Pandolfi and 11 other scientists examined the global trajectories of change of coral reefs over thousands of years in different areas and concluded that reefs would not survive for more than a few decades "unless they are promptly and massively protected from human exploitation". They found that degradation of reefs began long before the current episodes of coral bleaching and was linked directly to overfishing and pollution.

Once large marine herbivores such as seacows, green turtles and bump-head parrotfish disappeared, there was an "an almost inexorable march to decline". Losing these is equivalent to losing the top predators in the Serengeti with the effects cascading right down the ecosystem, Pandolfi says.

Of the 14 reef sites studied, those in west Panama and Jamaica are 80 per cent of the way to ecological extinction. Pandolfi says that without intervention and attempts at restoration, these reefs are "the ghosts of Christmas future".

His group will now research what percentage of reefs will survive under different management strategies. Pandolfi believes that coral bleaching and, to a lesser extent, coral disease get a lot of publicity because they are so dramatic and important, but it is human pressures such as overfishing and pollution that have weakened the reefs, leaving the coral susceptible to bleaching and disease. He likens this to "kicking around a cancer patient".

The drastic consequences have been seen in the Caribbean. Pandolfi's group studied historical records, including ship captains' logs and found that early European explorers found the Caribbean swarming with turtles.

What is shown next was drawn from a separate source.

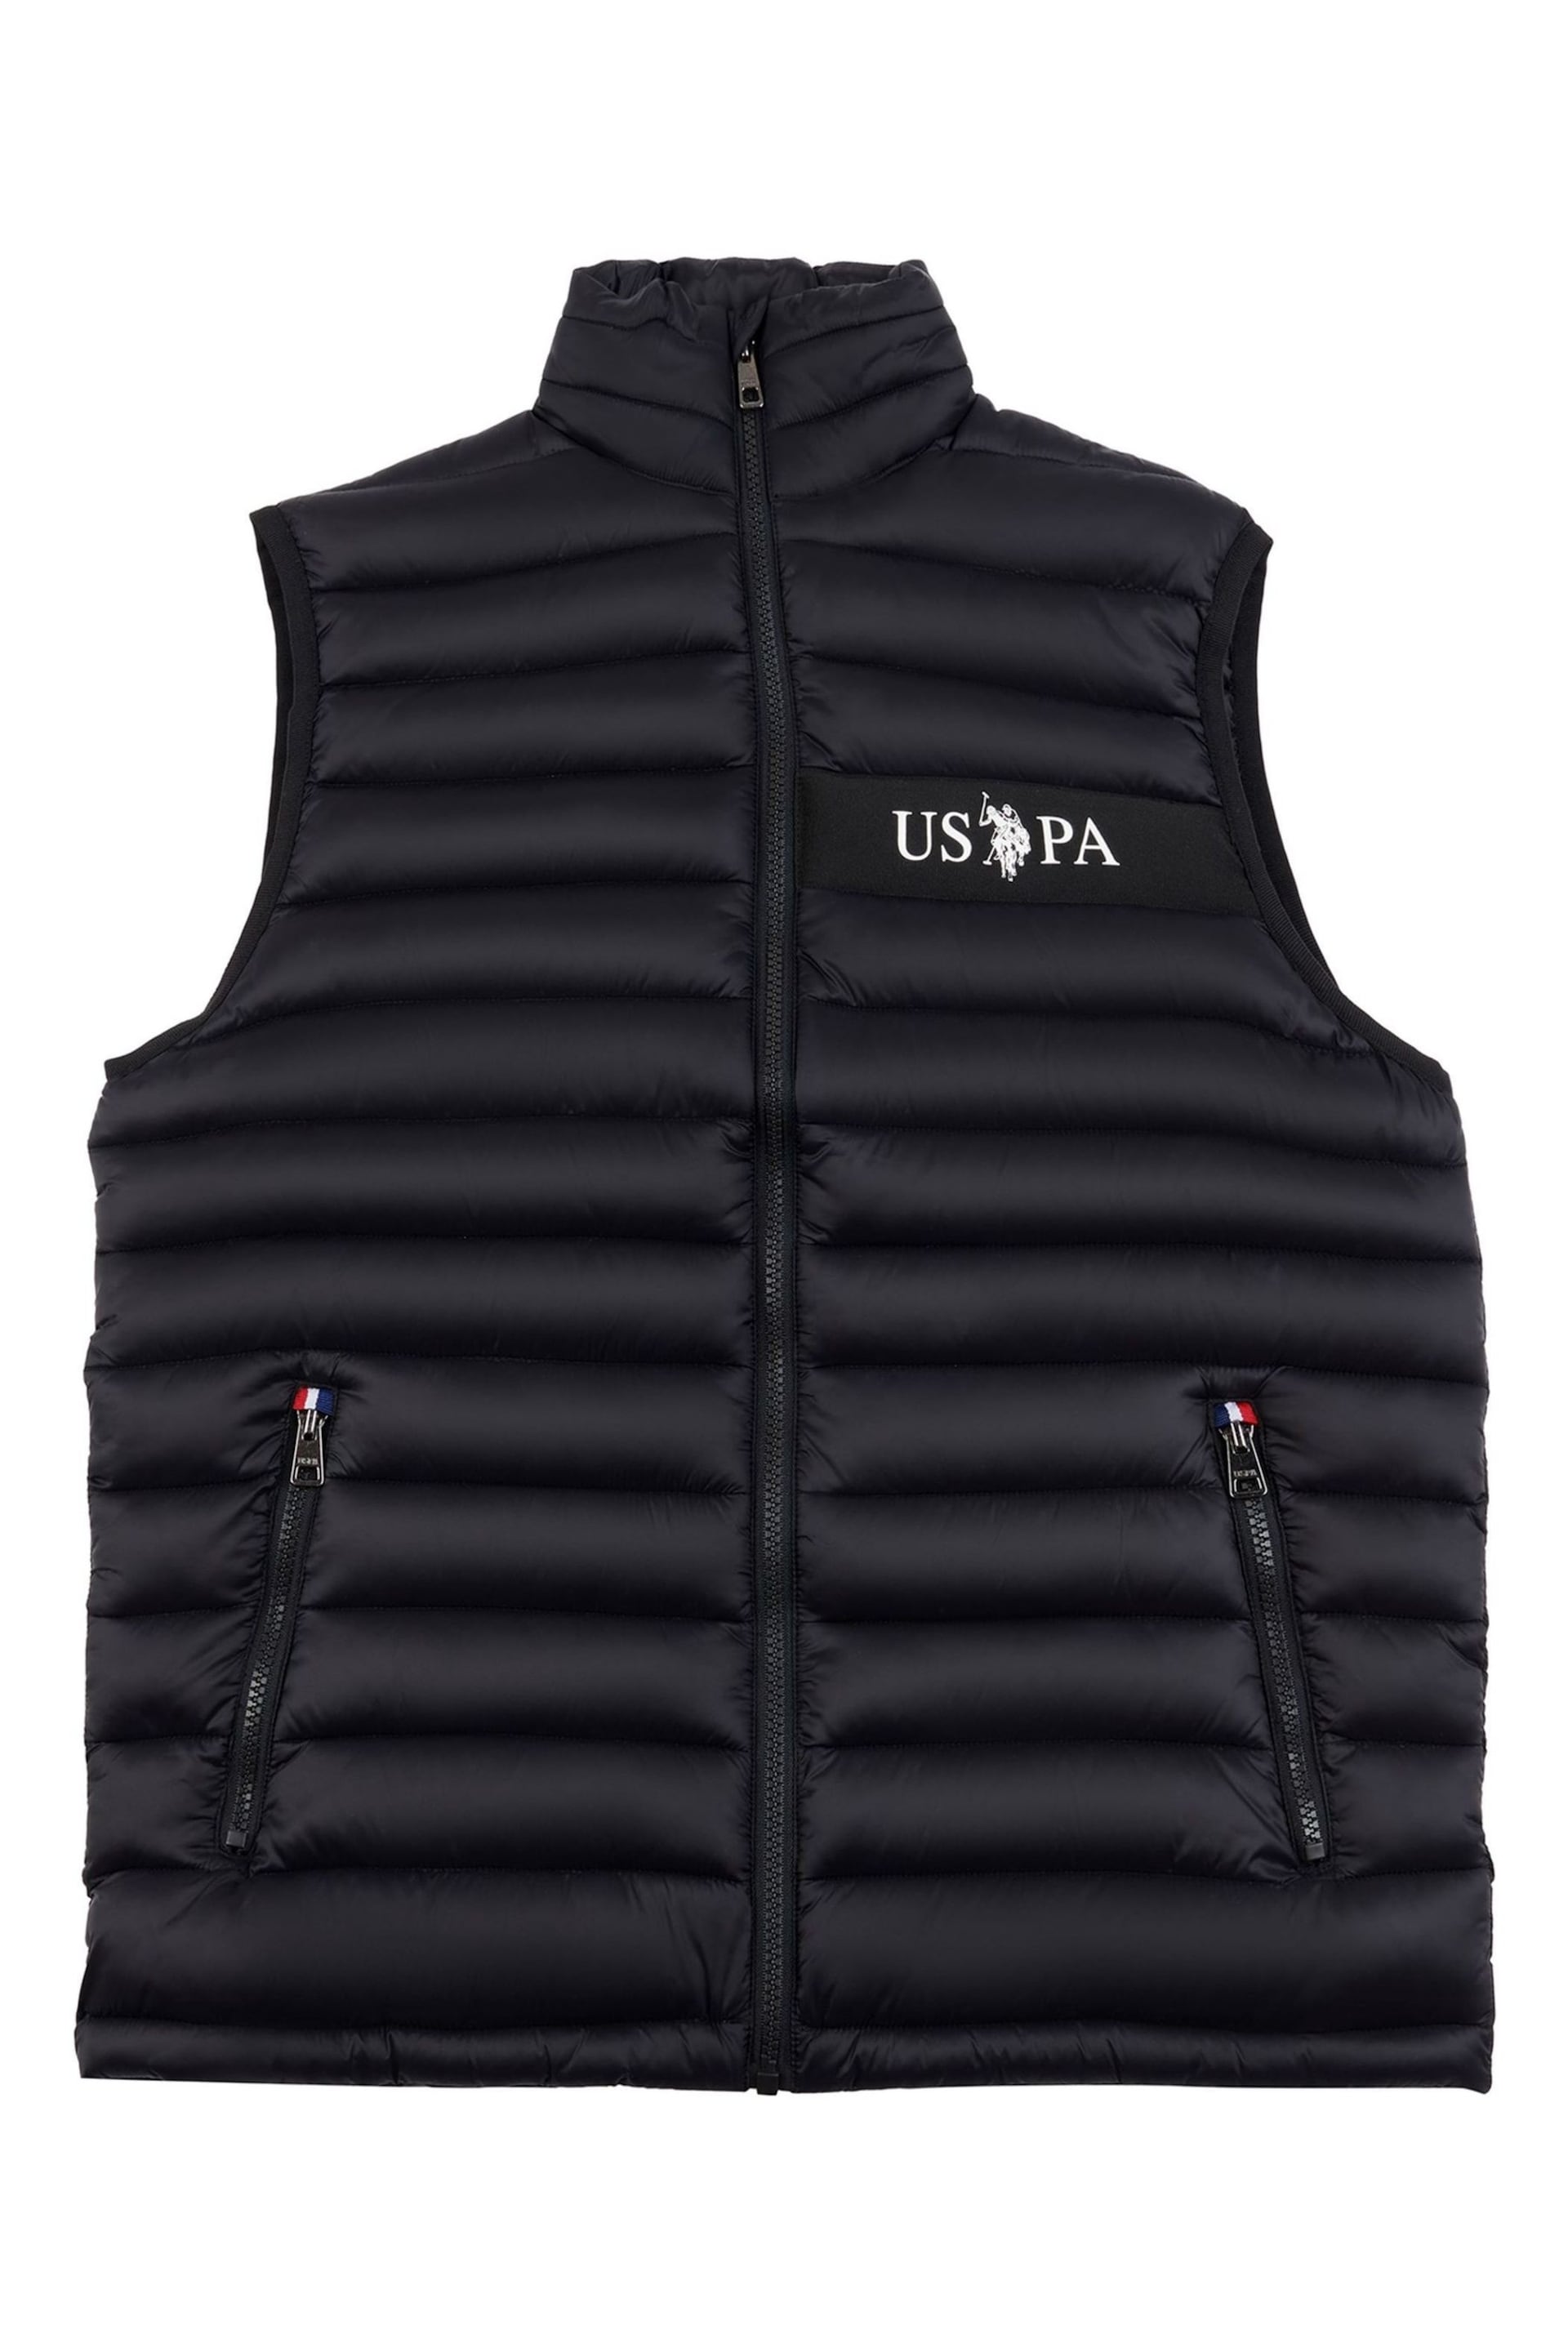 U.S. Polo Assn. Mens Lightweight Quilted Tape Black Gilet - Image 5 of 7

Pandolfi says: "They were so abundant that the ship could navigate by the sound of turtles hitting their hulls." Sailors knew they were too close to islands when the impacts increased. The turtles, manatees, parrotfish and other large herbivores of the Caribbean were destroyed. But even in the late 1970s and 1980s, it looked as if the reefs were flourishing. "We didn't realise what a tenuous thread they were on," Pandolfi says. A few years later, a mass die-off of starfish and other species followed hurricanes. There were not enough herbivores to keep down the algae. When the last herbivore, the sea urchin, disappeared, "the reefs simply collapsed right across the Caribbean", Pandolfi says. They have not recovered in 20 years.

Pandolfi recalls that the Caribbean used to be dominated by "towering forests" of two species of staghorn coral. "Now it looks like a battlefield in which all the trees have been knocked down, and all you see is the occasional rock in a barren wasteland."

On the far side of the Pacific, Hoegh-Guldberg echoes his gloomy prognostic. He says: "It's like a very bad science-fiction novel that we've got to the point where humans can and are rapidly killing off entire ecosystems."